[TASK BRIEF]: Copy out, exactly, the first line of the entries below and every line after it through the one containing "Engagement Party Invites Ideas".

[PROVIDED MATERIAL]:
★ ★ ★ ★ ★ ★ ★

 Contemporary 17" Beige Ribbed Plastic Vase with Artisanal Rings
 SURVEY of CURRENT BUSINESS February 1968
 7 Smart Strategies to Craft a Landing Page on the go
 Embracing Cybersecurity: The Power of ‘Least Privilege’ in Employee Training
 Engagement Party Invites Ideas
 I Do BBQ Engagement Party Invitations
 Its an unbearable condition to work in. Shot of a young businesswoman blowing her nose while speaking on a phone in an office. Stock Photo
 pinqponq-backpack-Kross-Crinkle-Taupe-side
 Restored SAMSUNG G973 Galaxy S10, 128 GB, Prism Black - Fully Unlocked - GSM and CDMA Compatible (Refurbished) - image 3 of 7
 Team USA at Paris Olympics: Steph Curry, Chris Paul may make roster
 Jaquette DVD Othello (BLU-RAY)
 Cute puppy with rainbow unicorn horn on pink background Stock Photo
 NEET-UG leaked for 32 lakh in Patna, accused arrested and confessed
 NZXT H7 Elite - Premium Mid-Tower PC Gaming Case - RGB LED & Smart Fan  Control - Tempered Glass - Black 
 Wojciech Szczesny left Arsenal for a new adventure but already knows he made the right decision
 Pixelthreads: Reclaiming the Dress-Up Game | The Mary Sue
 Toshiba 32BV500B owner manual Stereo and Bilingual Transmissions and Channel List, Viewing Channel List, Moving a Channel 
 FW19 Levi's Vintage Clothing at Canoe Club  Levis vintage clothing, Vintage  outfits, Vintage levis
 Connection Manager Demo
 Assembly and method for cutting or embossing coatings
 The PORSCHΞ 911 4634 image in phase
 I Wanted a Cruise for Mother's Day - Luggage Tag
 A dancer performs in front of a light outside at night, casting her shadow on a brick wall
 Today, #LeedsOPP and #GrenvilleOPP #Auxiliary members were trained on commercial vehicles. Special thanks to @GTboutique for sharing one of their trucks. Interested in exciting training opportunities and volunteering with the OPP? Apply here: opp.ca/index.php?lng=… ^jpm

★ ★ ★ ★ ★ ★ ★

[WRITTEN ANSWER]:
 Contemporary 17" Beige Ribbed Plastic Vase with Artisanal Rings
 SURVEY of CURRENT BUSINESS February 1968
 7 Smart Strategies to Craft a Landing Page on the go
 Embracing Cybersecurity: The Power of ‘Least Privilege’ in Employee Training
 Engagement Party Invites Ideas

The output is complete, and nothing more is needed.